Design the amplifier in (a) for a gain of -10. What is the expected 3dB bandwidth? Measure the bandwidth by sweeping the input sinewave frequency. Is there peaking(gain at some frequency higher than the dc gain) in the frequency response? Measure the step response by applying a low frequency square wave. Is there an overshoot?

What happens when there is a capacitance from the inverting terminal of the opamp to ground? Connect larger and larger capacitors and see what happens to the step response and the frequency response. Explain.

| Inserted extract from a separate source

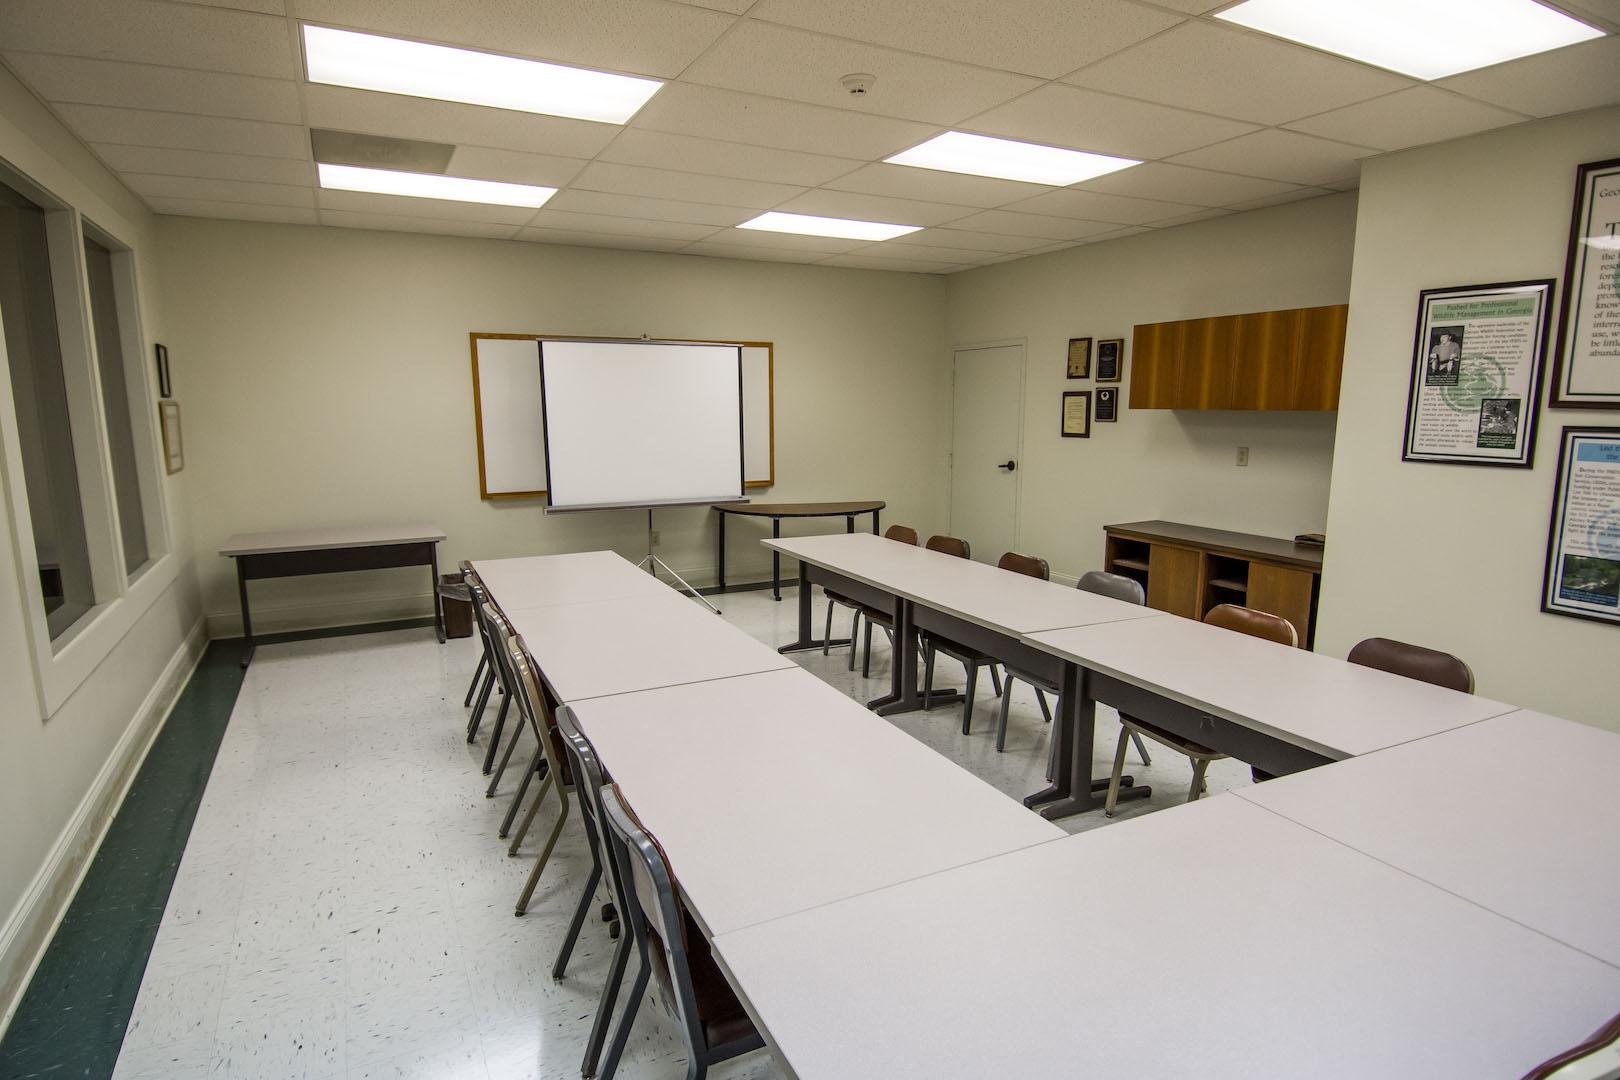 Rithmire Classroom

Adjust C_p to get the largest bandwidth possible with no peaking in the frequency response. How does this bandwidth compare to the previous case? Explain clearly. Measure the step response and its overshoot, if any.

A CMOS inverter biased in its active region behaves like a transconductor ((a) in the above figure) with its positive input grounded. Determine the impedance of an inverter whose output is shorted to its input. Measure the transconductance by forming a voltage divider with this impedance and measuring the voltages v_x and v_y ((b) in the above figure). Do the measurements at 5V, 6V, and 7V supplies. Also note the dc bias voltage of the self biased inverter. How do these transconductance measurements compare to calculated values from the results of the first experiment?

Bias an inverter so that it can be used as a standalone transconductor (as in (a) in the above figure). The lowest input frequency can be assumed to be 100Hz.